_Data to use_
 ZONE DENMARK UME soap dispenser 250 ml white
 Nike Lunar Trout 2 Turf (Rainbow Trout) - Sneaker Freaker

* * *

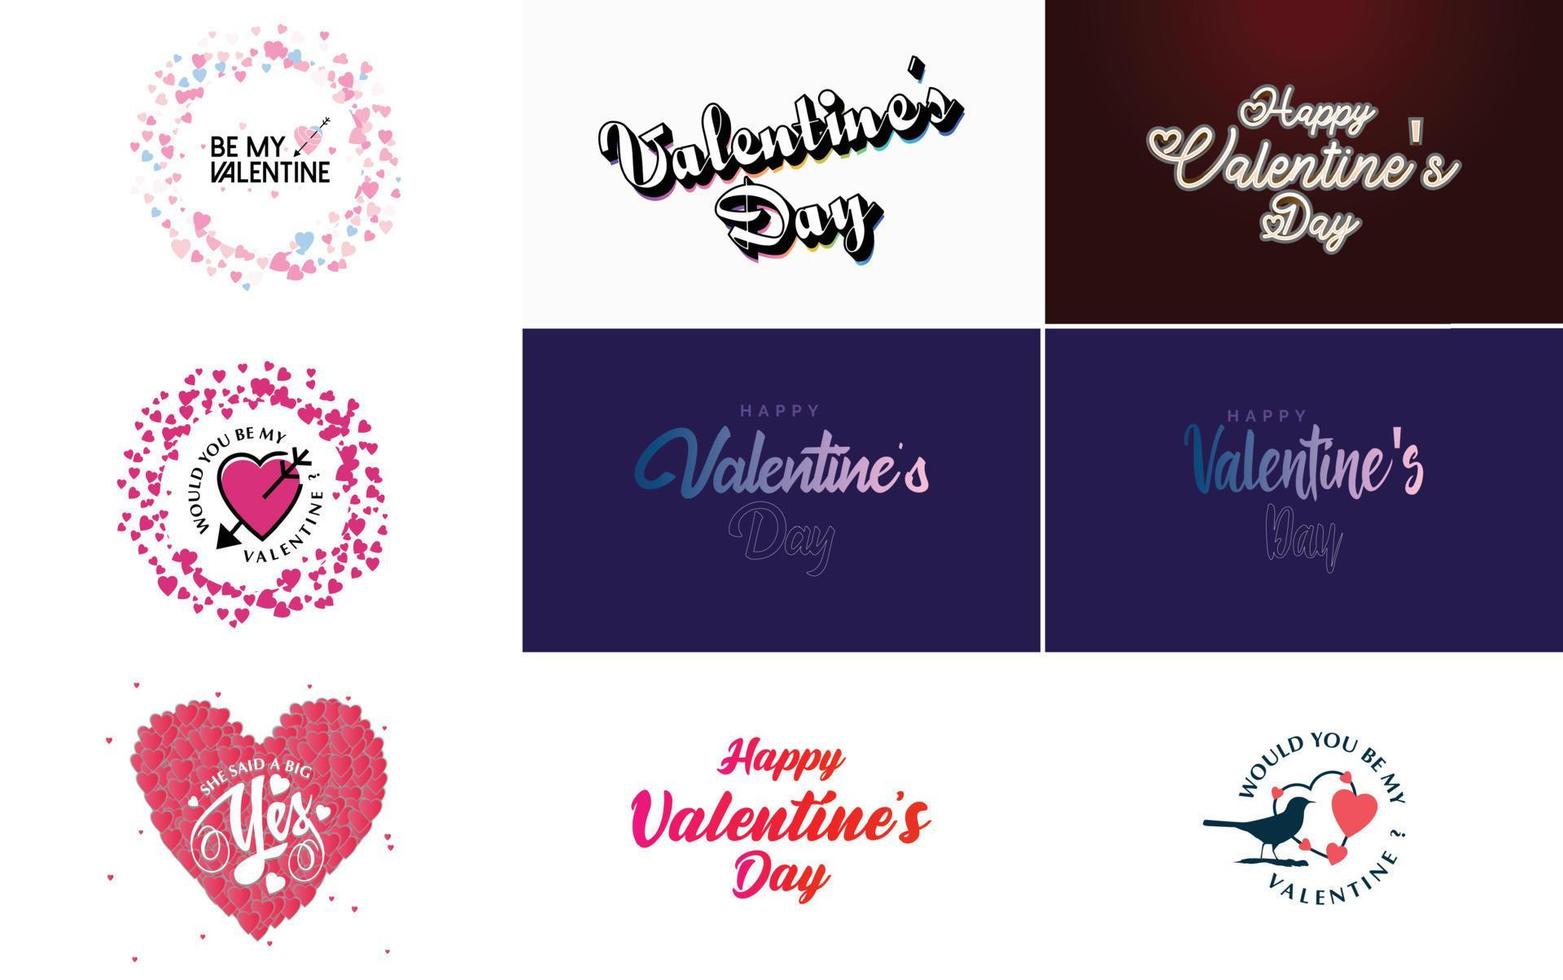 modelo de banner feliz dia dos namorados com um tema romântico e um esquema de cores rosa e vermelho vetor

==

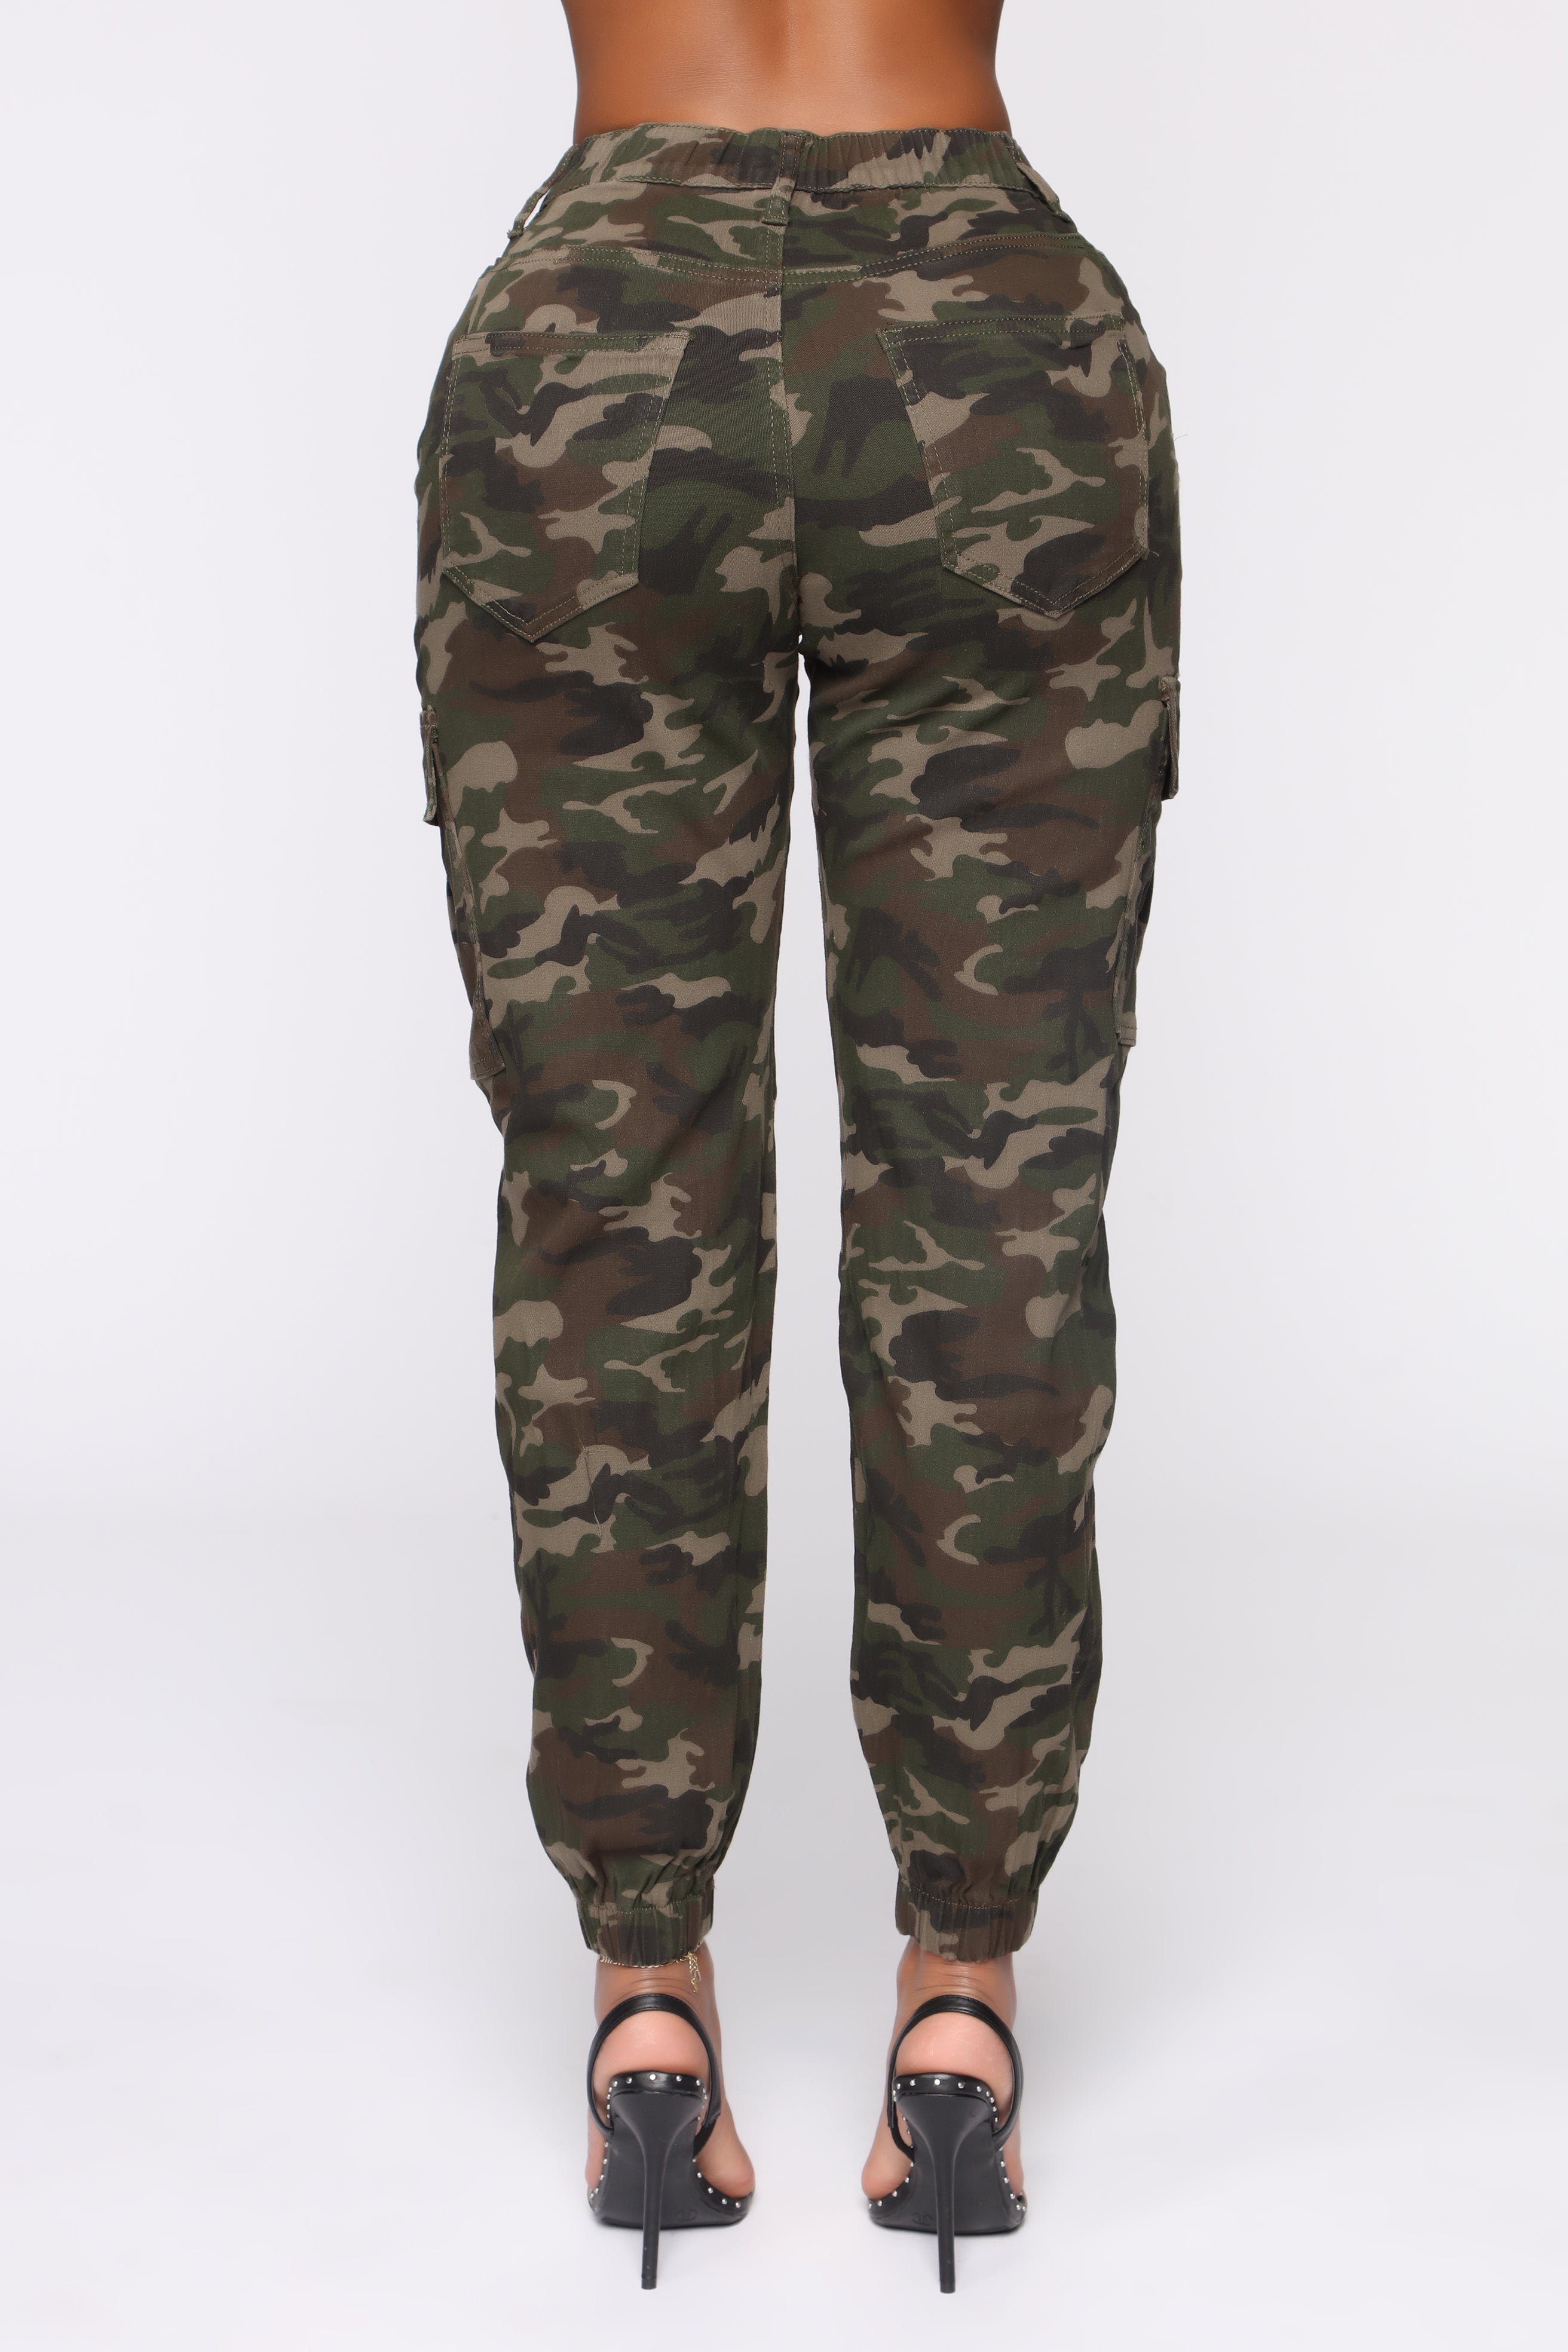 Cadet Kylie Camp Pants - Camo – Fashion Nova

_About this task_
Retype exactly the span of lines from the one with "ZONE DENMARK UME soap dispenser 250 ml white" through the one with "Nike Lunar Trout"; include both ends and omit the rest of the material.

_Answer to this problem_
 ZONE DENMARK UME soap dispenser 250 ml white
 Nike Lunar Trout 2 Turf (Rainbow Trout) - Sneaker Freaker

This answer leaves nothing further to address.